‘Brother Mine’ highlights unique relationships
Reading other peoples’ mail can land you in serious trouble with the government.
Or, in the case of Dr. Kathleen Pfeiffer, it can land you a book deal.
Pfeiffer, an associate professor of English at Oakland University, is the author of “Brother Mine: The Correspondence of Jean Toomer and Waldo Frank, a back-and-forth account of over 120 letters between the two in the 1920s.”
Toomer, a young black author, began writing to Frank, an established white writer in New York, and the book details the unique friendship between the two.
“Dr. Pfeiffer’s work provides an important tool for understanding the dynamics of the relationship between Jean Toomer and Waldo Frank,” said associate history professor and chair of the history department, Karen Miller. “Both Toomer and Frank were participants in the conflict over the construction of racial identity. Their correspondence helps us to understand how the debates over race worked themselves into friendships.”
In the summer of 1993, Pfeiffer was deciding on the topic of her dissertation at Yale University, and ended up at the university’s Beinecke Rare Book and Manuscript Library, one of the country’s best resources for African-American literature. The opportunity gave her the chance to do research in the primary archives.
It was at Beinecke that she decided on the topic of race passing.
Race passing was a “hot topic” in American literature at the turn of the century, Pfeiffer explained, where people who were legally defined as black because of previous generations, were actually light enough to pass for a white person.
“These people would take on a new identity and pass for white,” Pfeiffer said. “They would have this better opportunity as a white person than they would have as a black person, but then there would be all of this guilt and sense of loss because they’d have to leave their families. That’s really what my dissertation was about — about stories of characters who ‘pass.’ “
After reading letters by Toomer and Frank, Pfeiffer got an impression of a budding friendship between the two. She began reading literary and critical accounts of the interaction, but got a different understanding of the authors than others.
“I didn’t think that (their understandings) really reflected what I saw in the letters,” she said. “These differences led to the beginning of the project.”
A self-described “very, very nosy person,” it is exactly that trait that helped Pfeiffer collect, organize and transcribe the letters between Toomer and Frank.
In the five to six years that the project took to complete, Pfeiffer experienced several challenges that even required the assistance of one of her graduate classes.
Only about 15 to 20 percent of the letters were dated, requiring several readings to correctly organize them.
“I had to figure out, by reading the letters, which came before this one or this came before that one. It was hard because at times, I really wasn’t sure which letter came first,” Pfeiffer said.
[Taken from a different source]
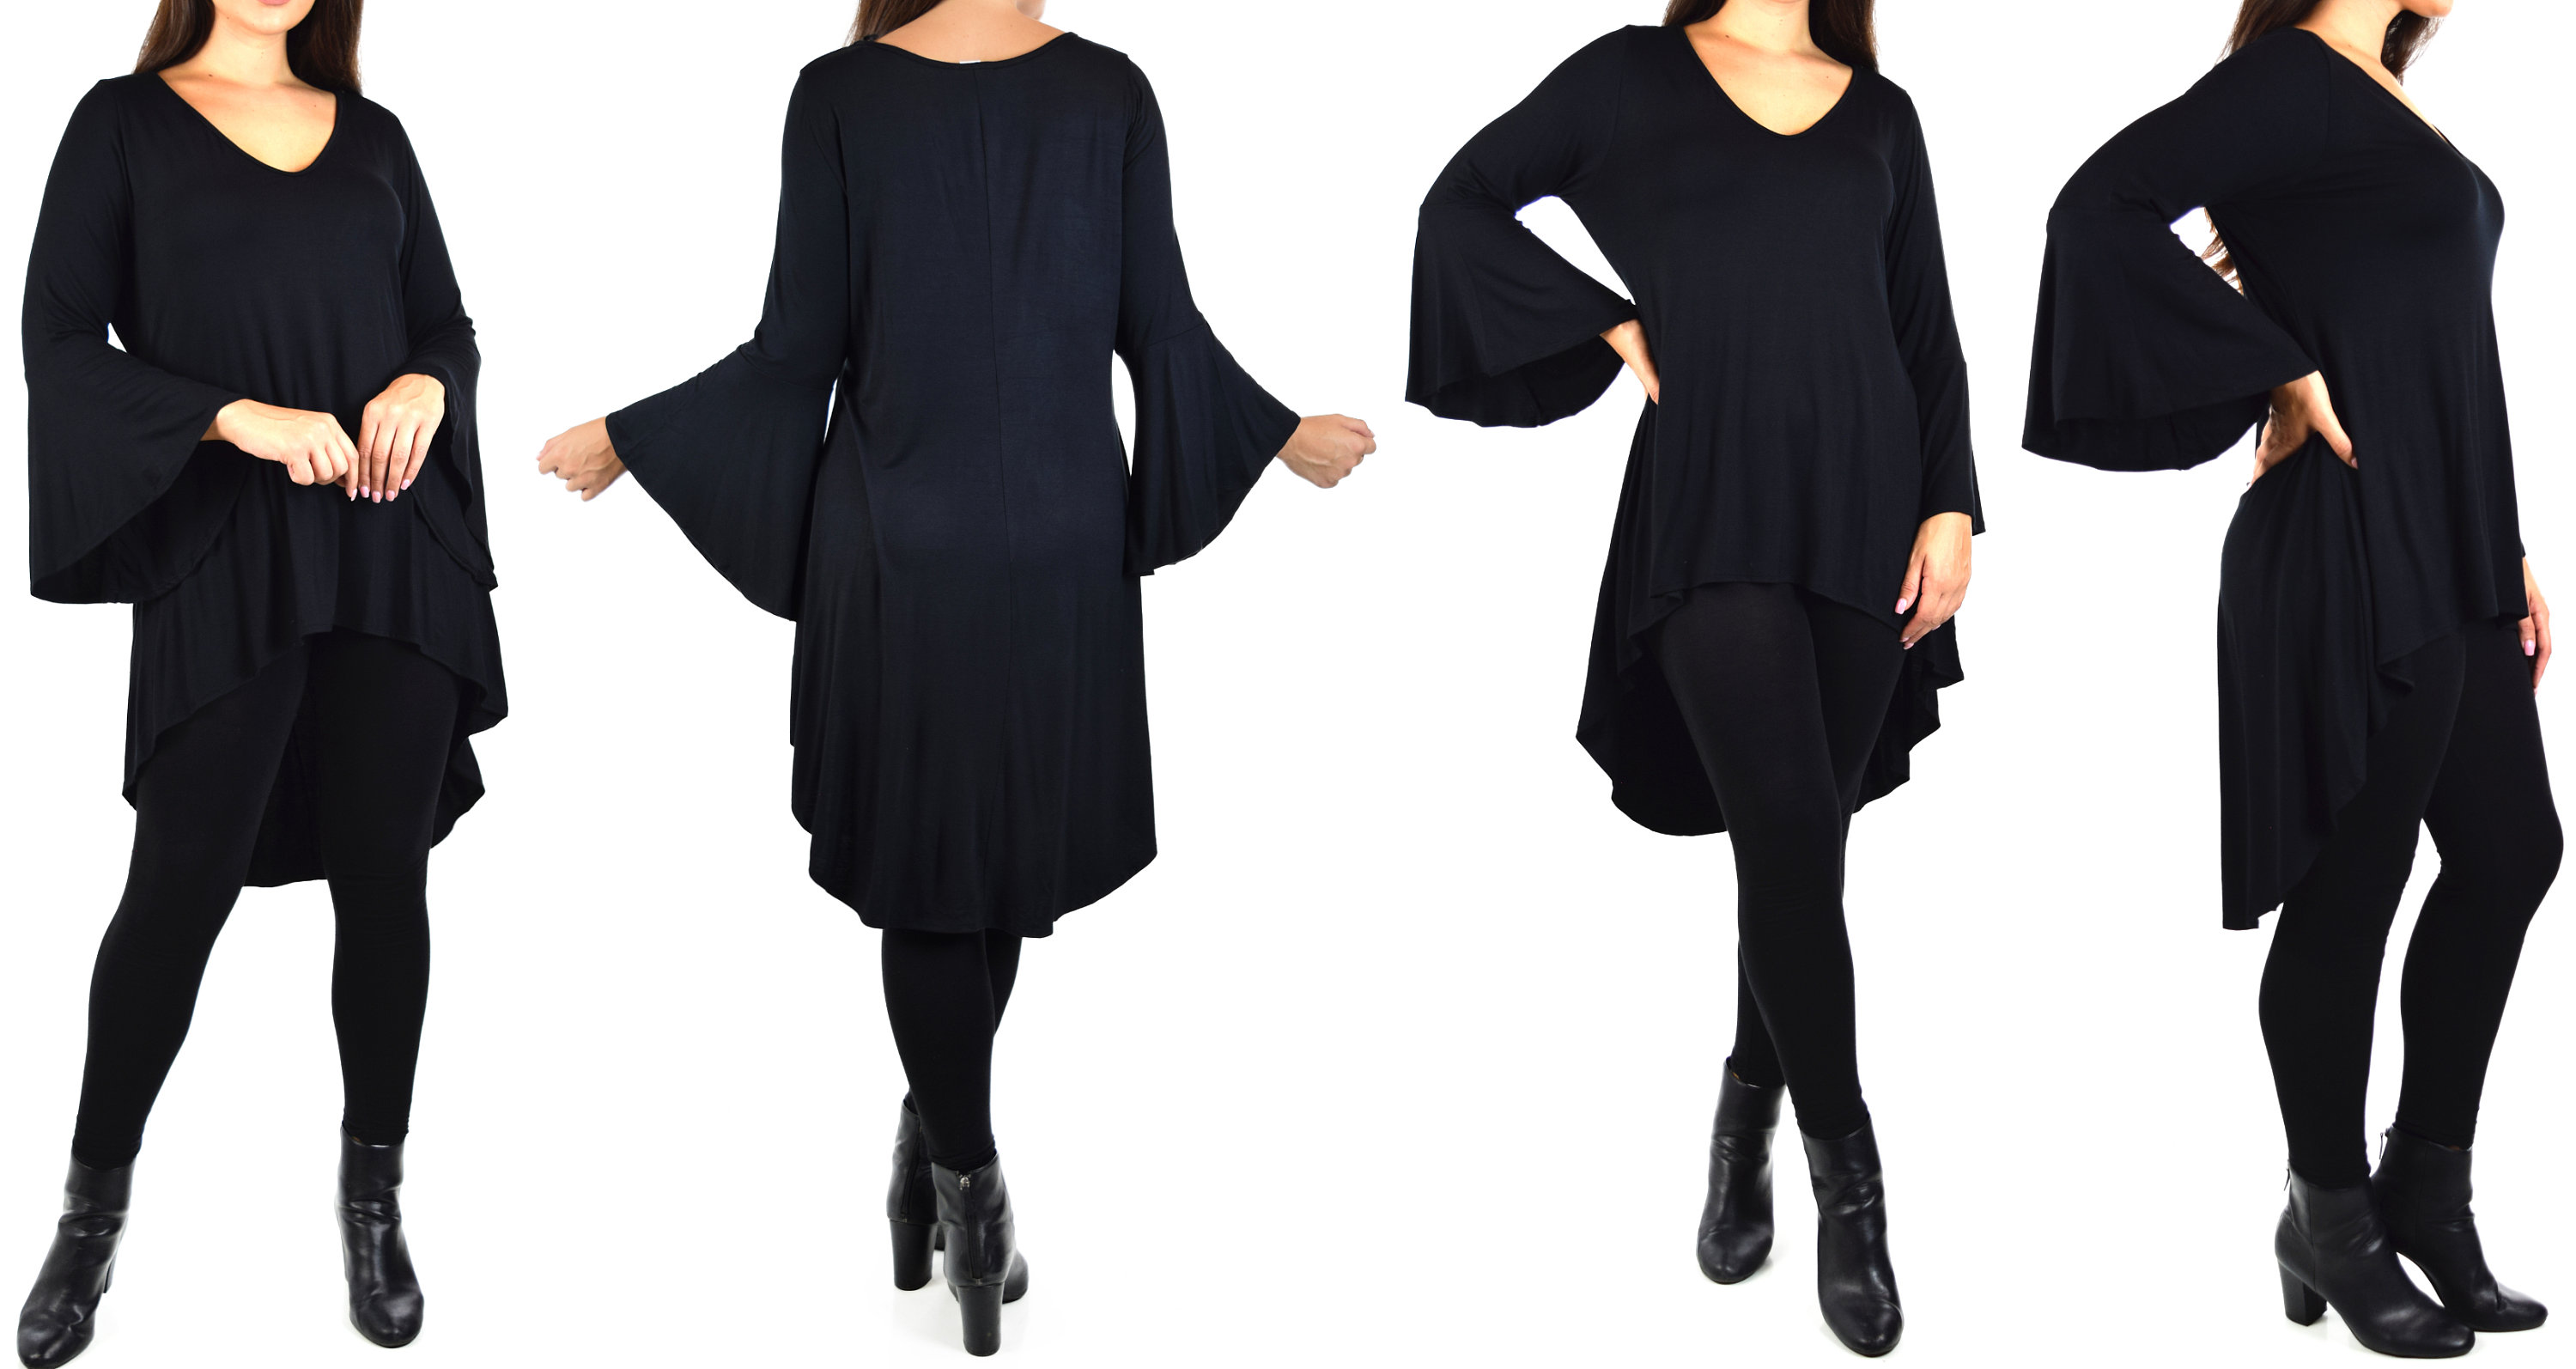 » Fat Goth Queen with a Boohoo Plus Cape Dress

She spent almost an entire year exclusively working on figuring out the order of the letters and putting them into chronological order.
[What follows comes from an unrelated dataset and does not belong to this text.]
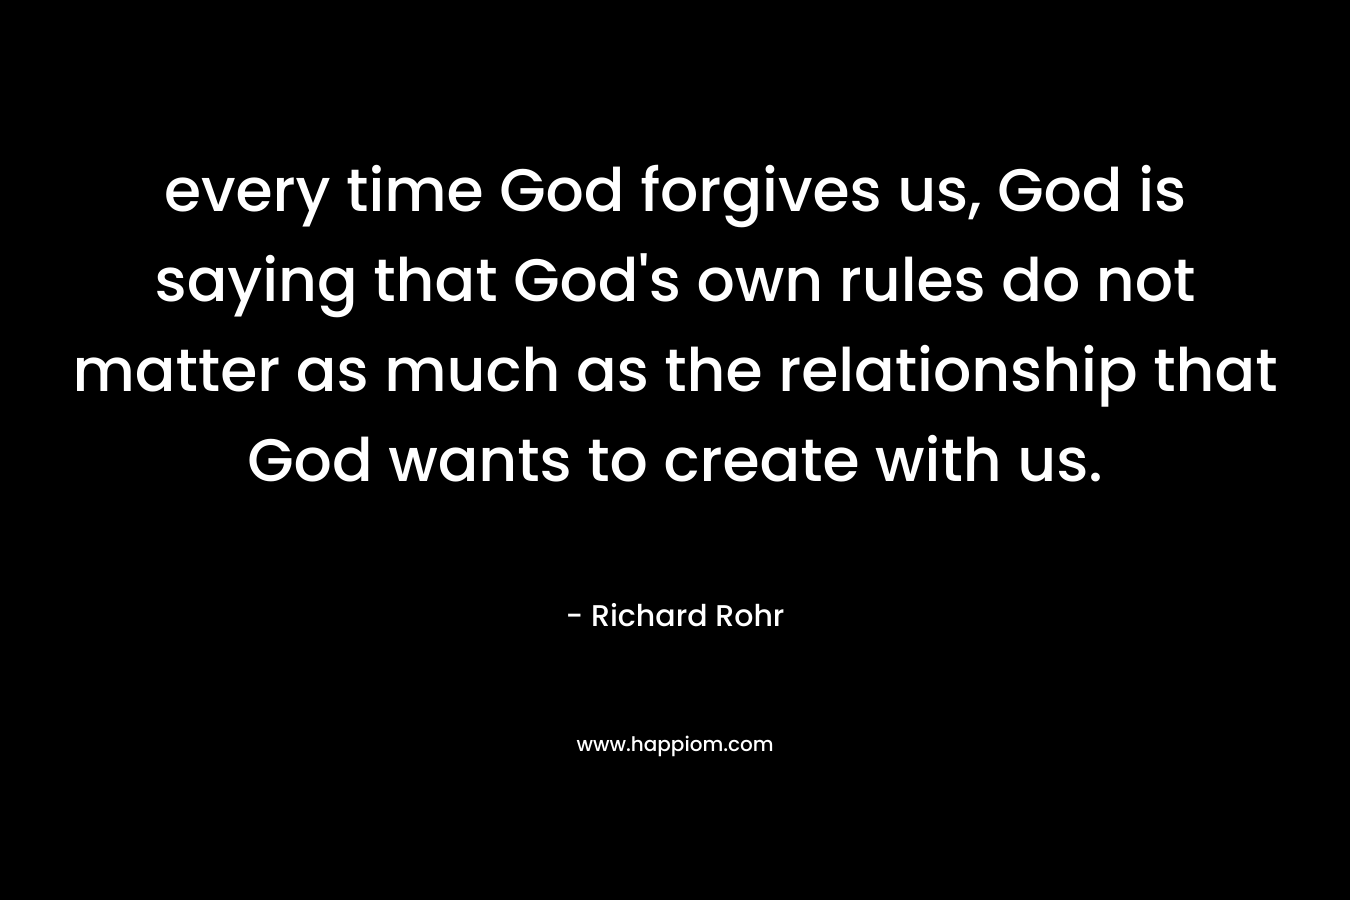 every time God forgives us, God is saying that God's own rules do not matter as much as the relationship that God wants to create with us.

Another major part of the process was writing footnotes for instances in which Pfeiffer felt more explanation was needed, such as names of friends or events attended by Toomer or Frank.
Transcribing the original letters into word documents was arguably the most time-consuming activity, however, and it was at this step that Pfeiffer involved her graduate-level class.
“In order for this to be an accurate transcription, you have to go through and make sure, letter-for-letter and word-for-word is correct,” Pfeiffer said. “Even with that, there were a lot of editorial decisions to make.”
Despite the duration of time needed to finish the book, Pfeiffer was pleased with the final product and believes there are many things that readers can take away from it.
“I wanted to make it the sort of book that anyone could pick up and find interesting … it has an interesting story to tell about interracial friendships and the challenges that came with those friendships in the 1920s,” Pfeiffer said. “These two struggling artists found something in each other that was very meaningful to the both of them and they really understood each other as writers as well. The fact that the friendship deteriorated the way that it did I think is pretty sad.”
After working on Brother Mine for over half a decade, Pfeiffer realized one major thing about herself and her writing upon completion of the book: She was ready to move on from Toomer and Frank.
“I’ve had enough time working on both of these two authors and I’m ready to move on to something different,” Pfeiffer said.